There are approximately 200 steam locomotives left in the United States, mostly in Colorado and New Mexico. When the railroad industry declined after World War II, the Southern Pacific continued to build locomotives in Algiers including 11 identical models, numbered 738-749. The 745 was the first completed in 1921 and is the only one extant.
Southern Pacific retired the 745 from service in 1956. A private citizen suggested in a letter to the editor that the locomotive be placed in Audubon Park and Times-Picayune writer Howard Jacobs promoted its installation there in his “Remoulade” column. “The 745 is known to my generation as the Audubon Park locomotive,” said Louis Saillard, 60, the group’s self-appointed historian.

“Kids would climb all over it and ring the bell,” Saillard recalled.

After 28 years of weather damage and vandalism, the locomotive was put into storage for 20 years until a group of concerned citizens formed LASTA in 1997 to raise $1 million and restore it to its former glory.

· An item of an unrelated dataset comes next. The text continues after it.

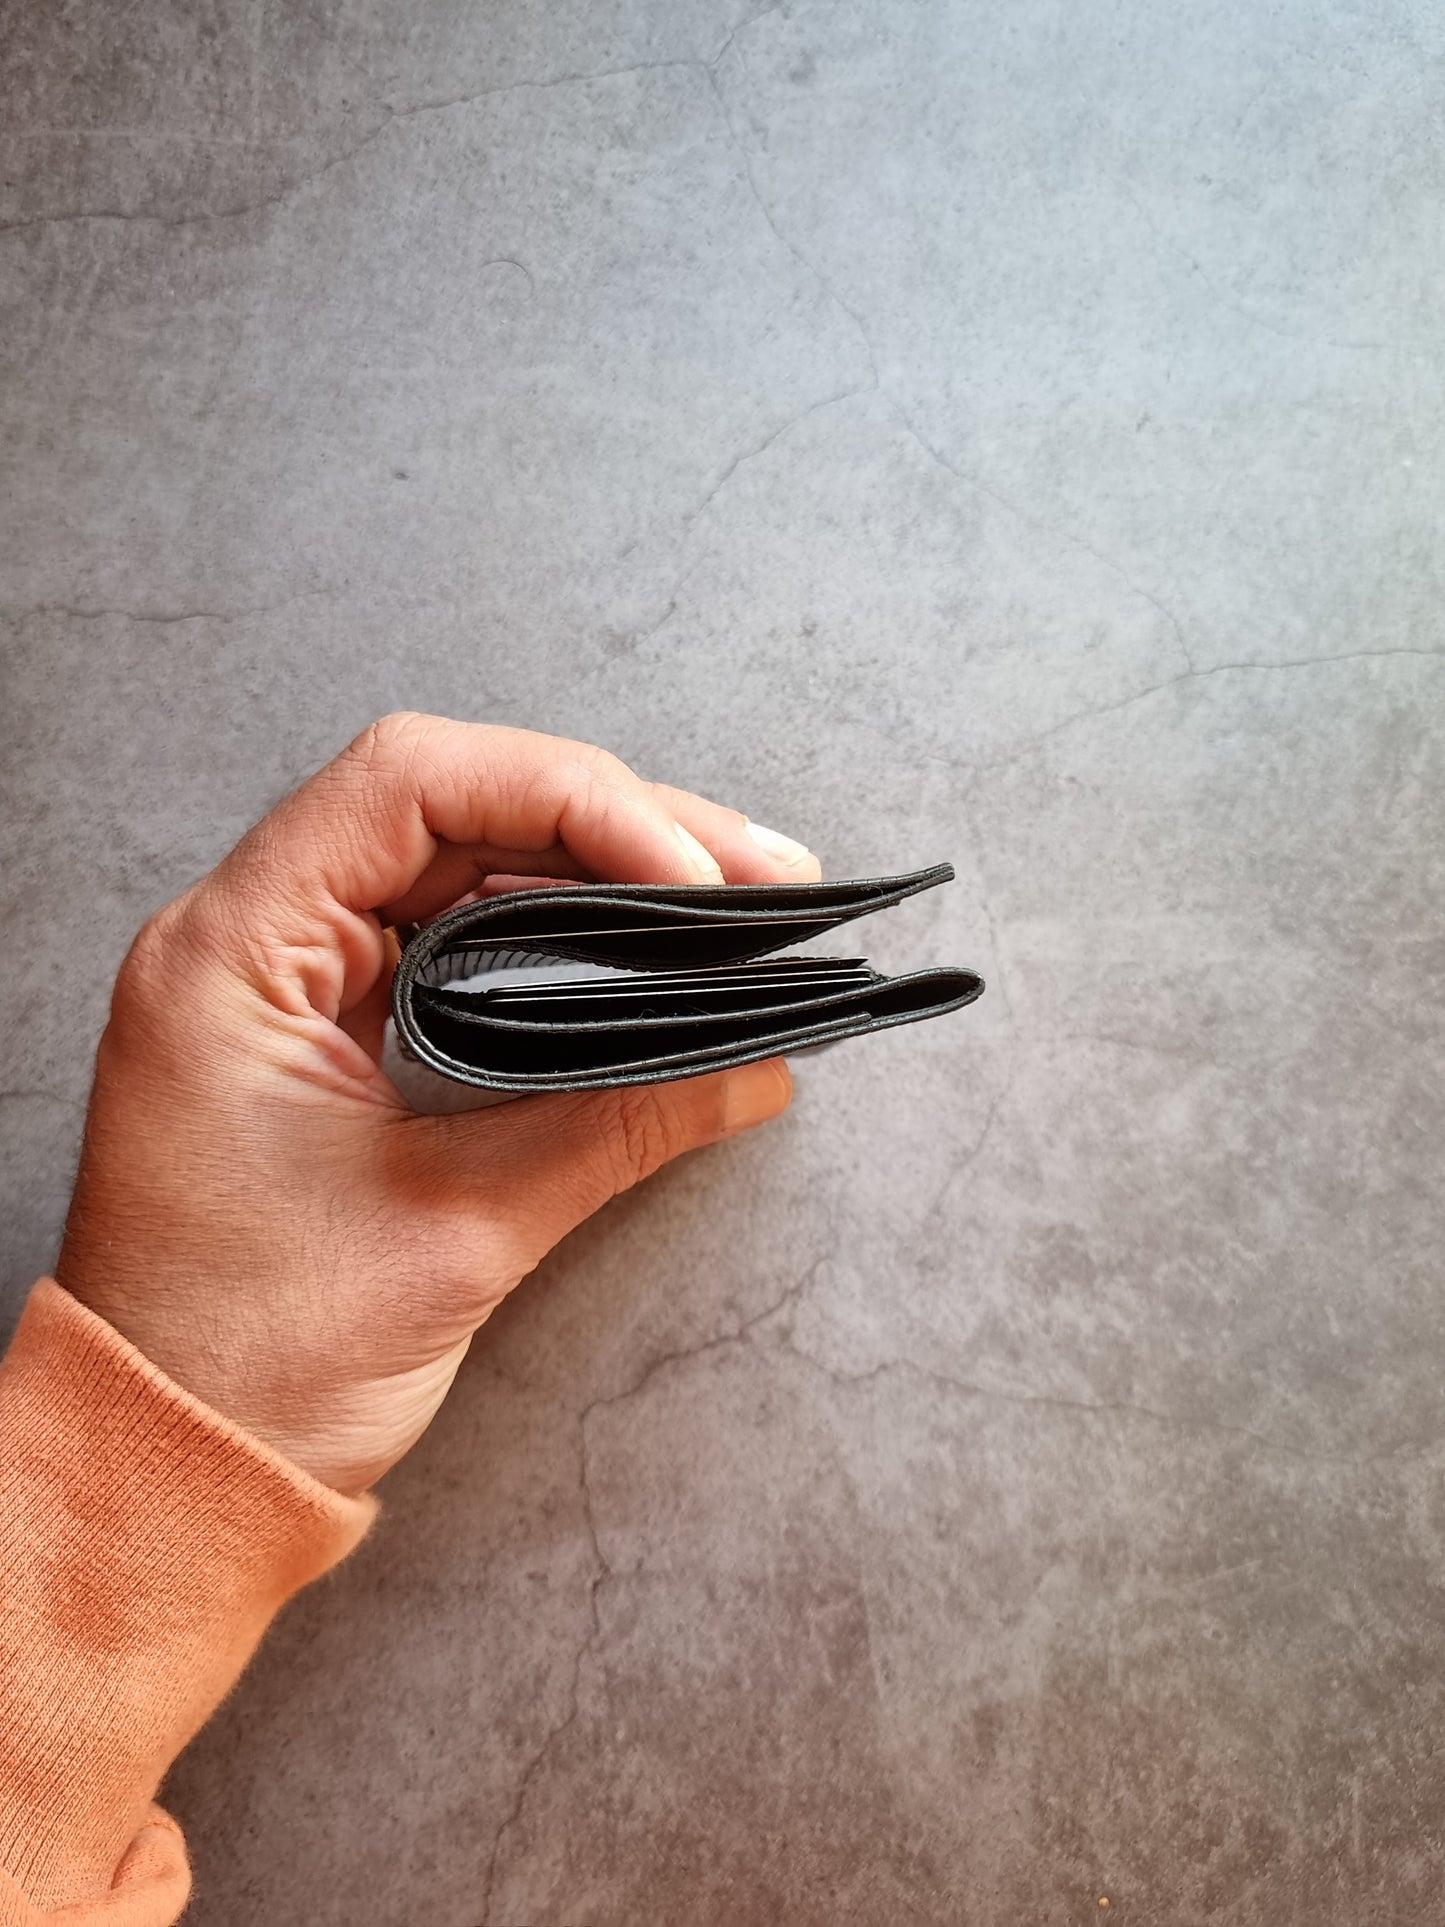 Slim Jim - Minimalistic Bi-fold wallet

Rebuilding was completed in late 2004 and the locomotive put into service to celebrate the Louisiana Purchase bicentennial. “After 48 years of being cold,” the 745 followed the tracks to 22 cities throughout Louisiana and Southern Mississippi, Saillard said. Four passenger cars were purchased from other railroads to create exhibit areas.

A crew of nine later took the train to Kansas City, Mo., for the reopening of that city’s Union Station as a museum and entertainment complex.

LASTA’s chief mechanical officer, Gerald Lynch, was a chemical engineer with steam experience. One of his childhood hobbies was playing with miniature “HO” trains. Now retired, he heads up maintenance on the 745, pressure-testing the boiler, cleaning the pipes and making sure all the systems are checked out. Most commercial trains are safety-tested every 31 operating days, but because the 745 sits idle much of the year, it is inspected annually, Lynch said.

A recent filming of the movie, “Jonah Hex,” due to be released in June 2010 and starring Josh Brolin as the comic book character of the same name, used the 745 in its Wild West scenes. The movie studio paid LASTA a good sum to feature the locomotive during several days of shooting. “That money has taken us a long way to restoring that engine,” said Ed Ernewein, who belonged to a model railroad club before becoming a volunteer on the 745. The filming left a lot of soot in the smokebox that required cleaning out before the annual inspection.

"Steam Fest is our biggest opportunity of the year to raise funds and attract new members," LASTA President Bill Morris said. "Money and volunteers are essential to the continued operation and maintenance of this most unique piece of Louisiana railroad history: Southern Pacific steam locomotive No. 745, the Spirit of Louisiana."